Inside QUT, Issue 157, February 1997
Queensland University of Technology, Brisbane, Australia
by Tony Wilson


Collaboration may help nab crims


QUT chemistry lecturer Dr Serge Kokot watches as visiting Austrian forensic specialist Dr Friederike Blümelhuber examines minute fibres under a microscope.
Criminals the world over may prove easier to catch thanks to a research collaboration between QUT and one of Austria's leading forensic scientists.

Dr Friederike Blümelhuber, the owner and director of the Kriminaltechnisches Privatinstitut in the Austrian city of Linz, and QUT senior chemistry lecturer Dr Serge Kokot are working on a way to match wool fibres to their source garments.

The technique, which involved analysis of trace elements in the fibres, could be applied by forensic scientists to gather evidence against alleged criminals, Dr Kokot said.
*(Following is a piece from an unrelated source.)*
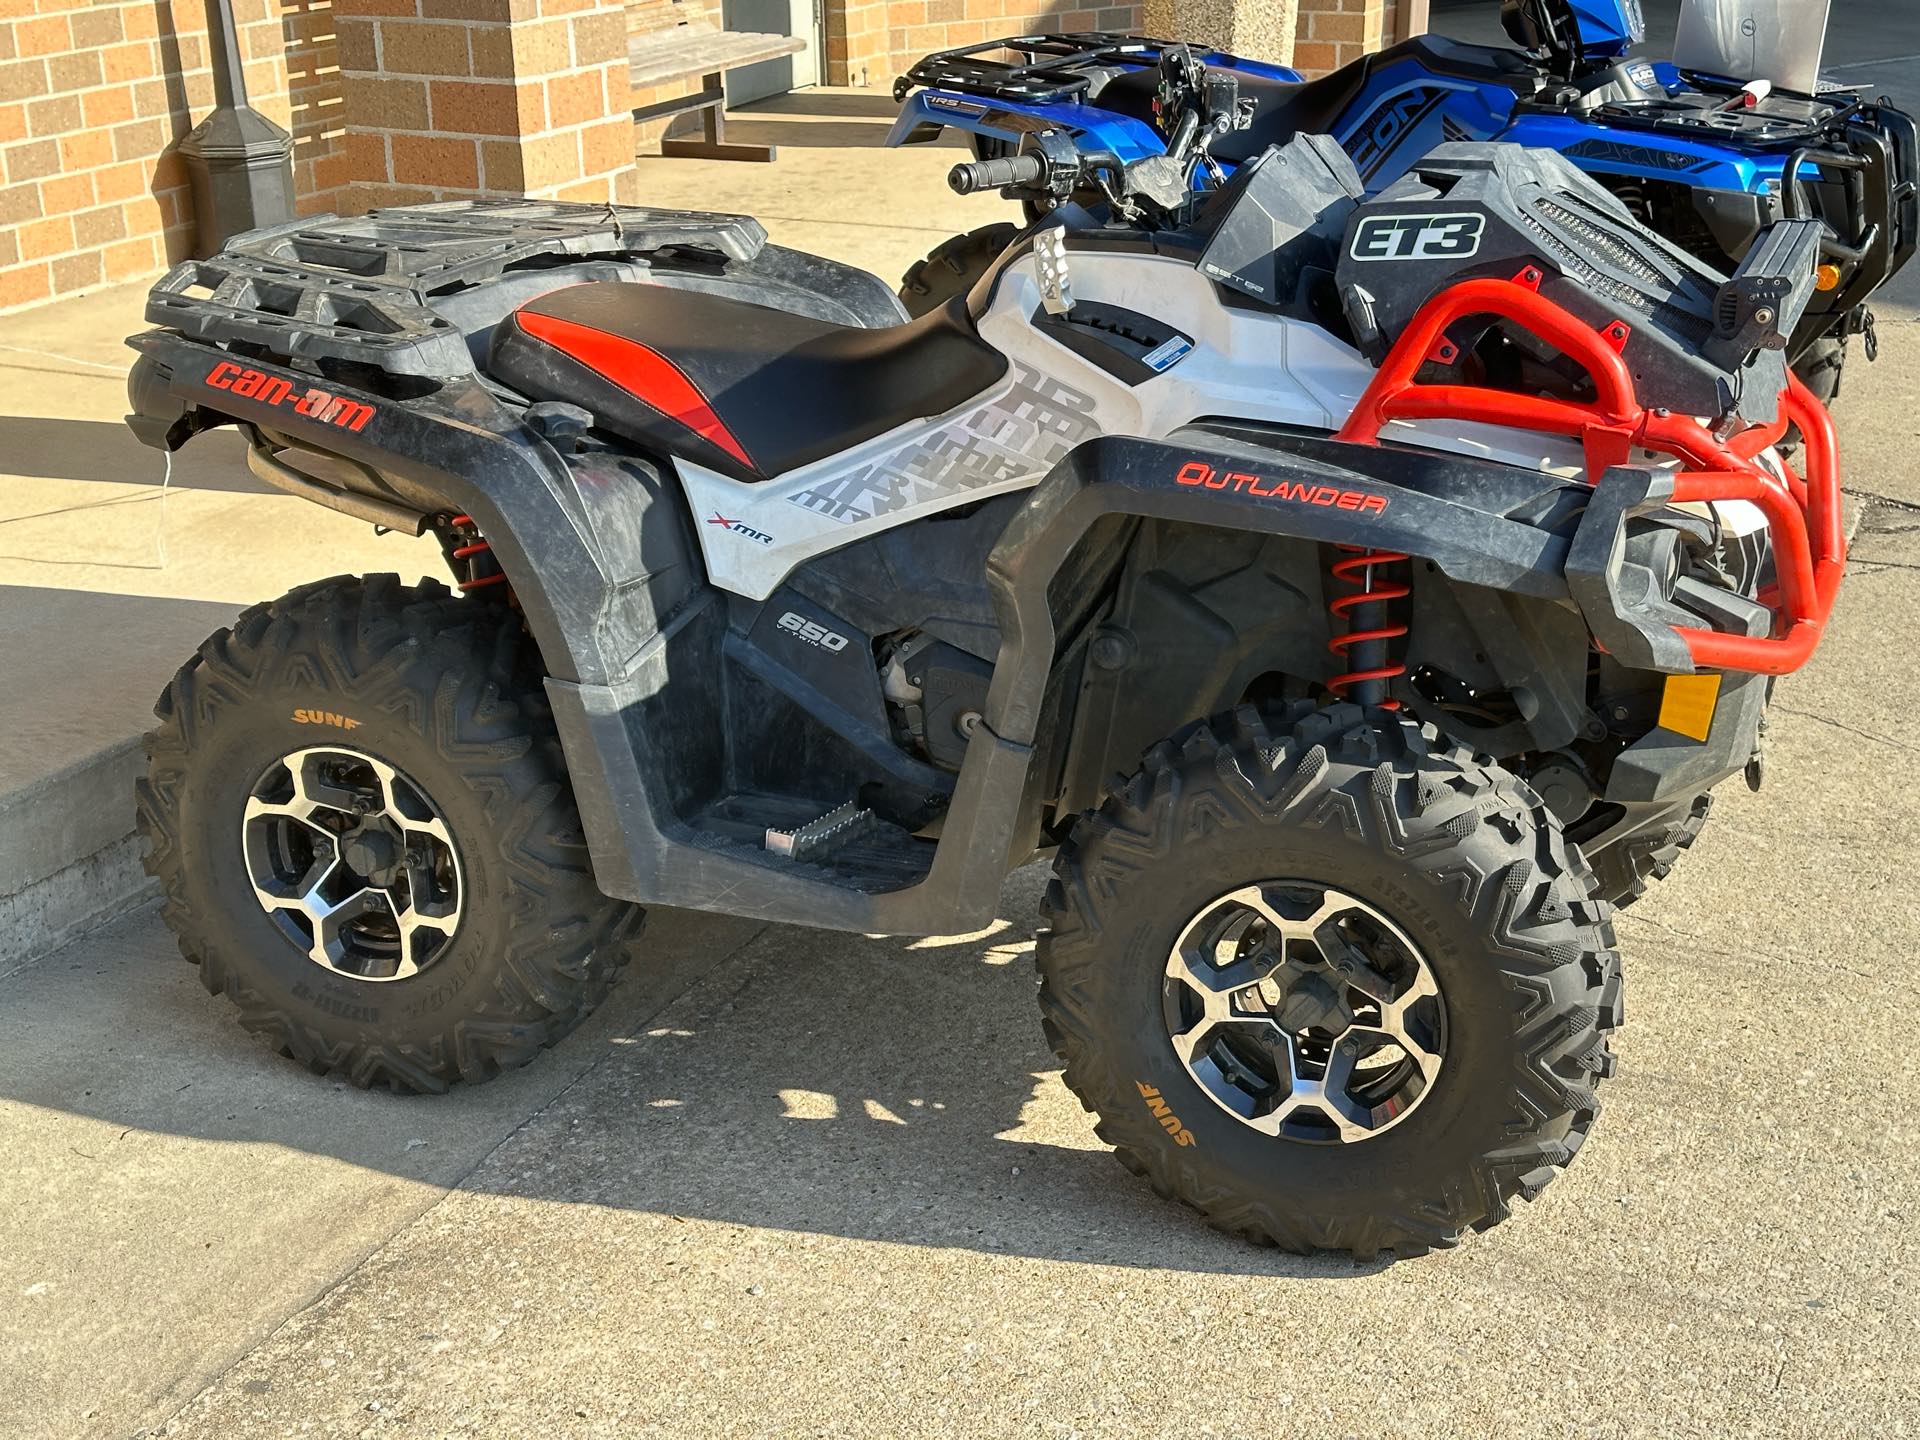 2017 Can-Am Outlander X mr 650 at Southern Illinois Motorsports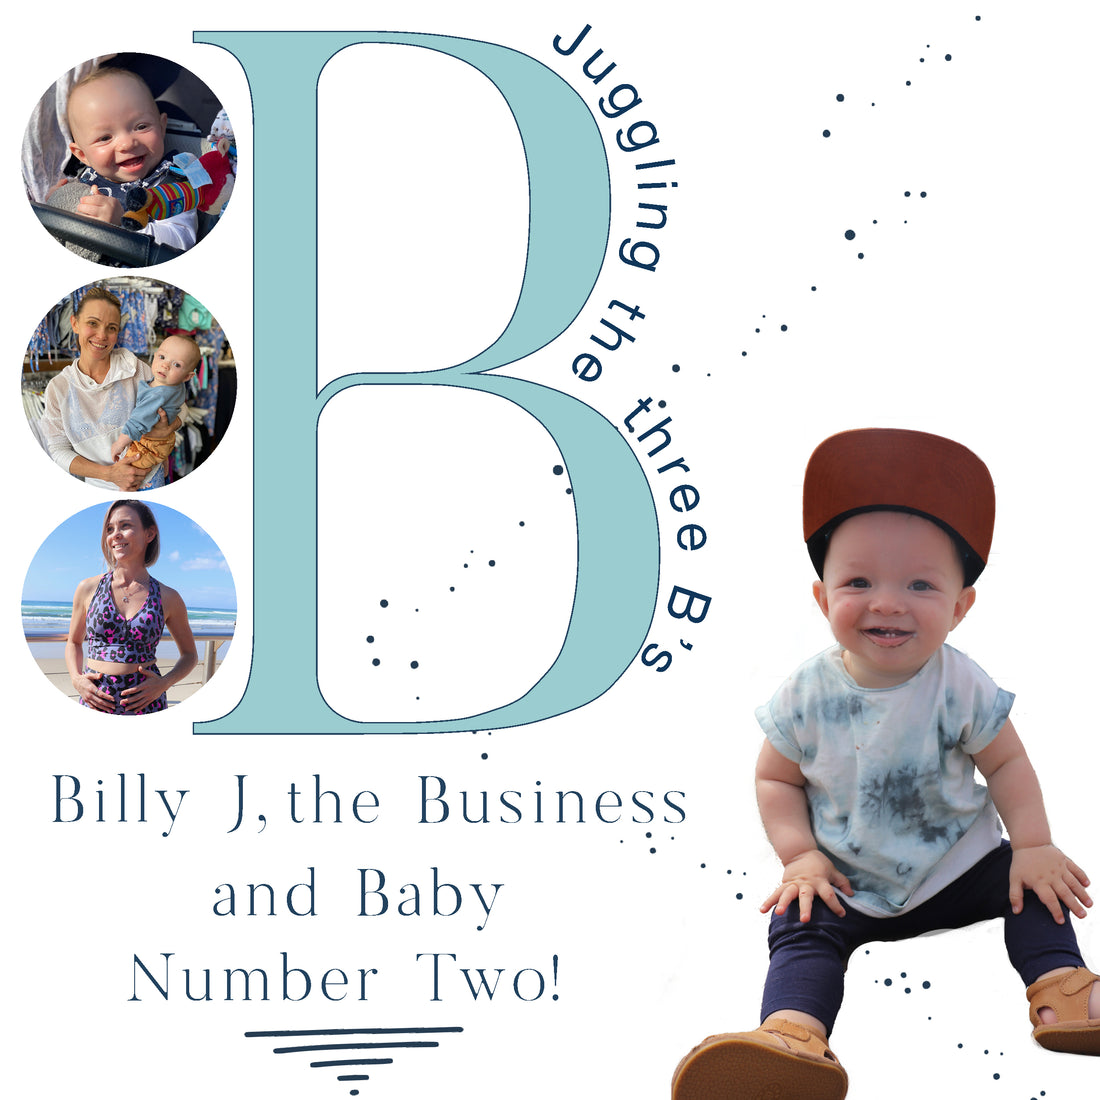 Juggling The Three B’s: Billy J, the Business and Baby Number Two!

"Police, for example, would be able to say that fibres belonging to a garment worn by a suspect had been found at a crime scene," he said.

The Austrian forensic specialist visitet QUT’s School of Chemistry in January, presenting seminars and workgroups to postgraduate students and scientists from Queensland Health Scientific Service (Forensic Section) and the Scientific Section of Queensland Police Force.

Dr Kokot, who organised the visit, said Dr Blümelhuber was a trainer of crime scene investigators, magistrates, judges and prosecutors in Austria.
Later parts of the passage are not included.